云海在脚下翻涌,松涛从山腰传上来,一阵一阵的,像大海的呼吸。

“三个故事讲完了。”闲云站起来,拍了拍袍子上不存在的灰,“你听懂了什么?”

云初站起来,把茶杯放回桌上。

“第一个故事告诉我——守约要趁早。”

“第二个故事告诉我——契约不只是一方的承诺,是两方的托付。”

“第三个故事告诉我——”她停顿了一下,“最重的契约,不需要写下来。”

闲云看着她,那双泉水般清澈的眼睛里,倒映着云初橙金色的光。

“钟离没看错人。”她说。

然后她伸出手,在云初的头顶拍了一下——不轻不重,像拍一只不听话的猫。

“回去吧。月亮快升起来了。”

云初走了几步,停下来,没有回头。

“闲云前辈。”

“嗯。”

“您讲的那些故事里的仙人——是您自己吗?”

风从奥藏山吹过去,把闲云青色长袍的衣角吹了起来。她没有回答,只是扇了扇扇子。

“云海要散了。再不下去,你就得在山顶过夜了。”

云初没有追问。她沿着来时的路,一步一步往下走。

身后,闲云的声音从云海里飘过来,很轻,像风——

“契约不是因为写了才存在。是因为有人愿意相信它存在。
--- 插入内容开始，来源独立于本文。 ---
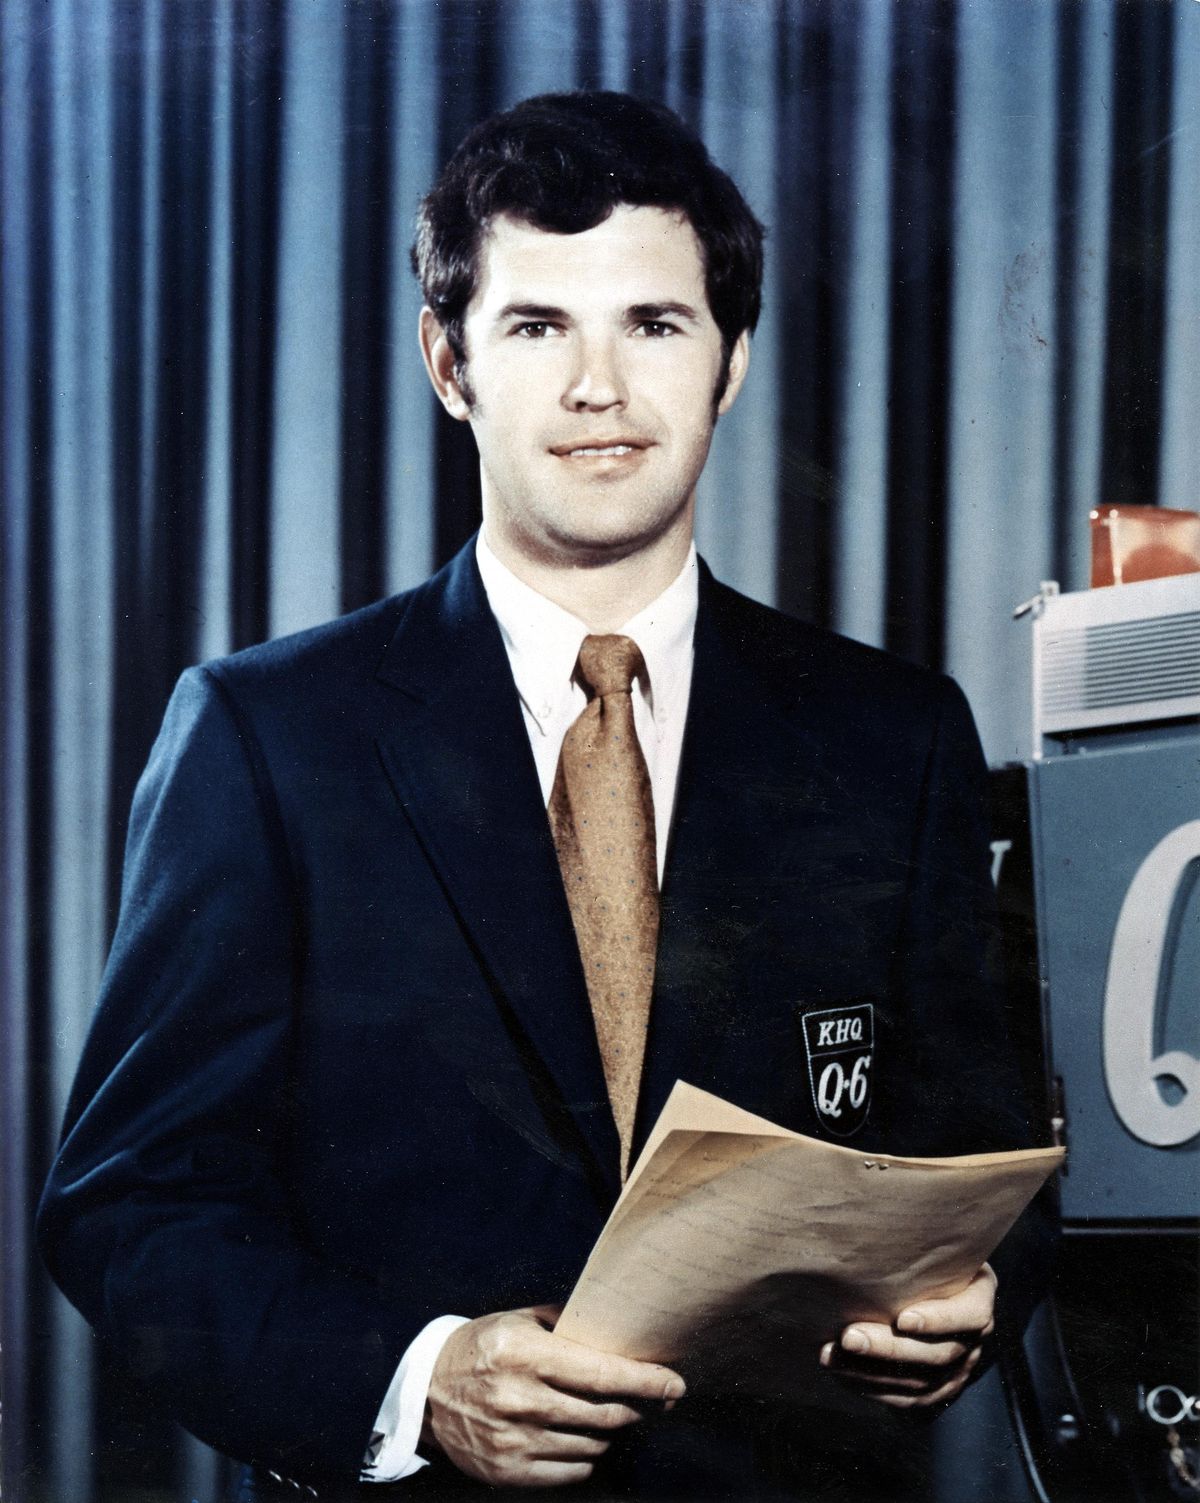 Ed  Sharman, former sports director at KHQ, died Monday evening at the age of 78.

”

云初的脚步停了一下。

然后她继续往下走。

橙金色的光在她的胸口亮着,像一盏被点亮的灯。

第二天,云初是在南天门遇到申鹤的。

南天门在璃月的东北角,是通往绝云间的门户。这里有一道石门,两边的石柱高耸入云,柱身上刻满了古老的符咒。石门后面是一条长长的石阶,石阶上长满了青苔,一级一级通向云雾深处。

申鹤就坐在石阶的最下面一级。

她穿着一身白色的长袍,头发也是白的,——不,不是白,是那种淡得像冰雪融化后的青色。她的皮肤很白,白到几乎透明,可以看到太阳穴下面细小的青色血管。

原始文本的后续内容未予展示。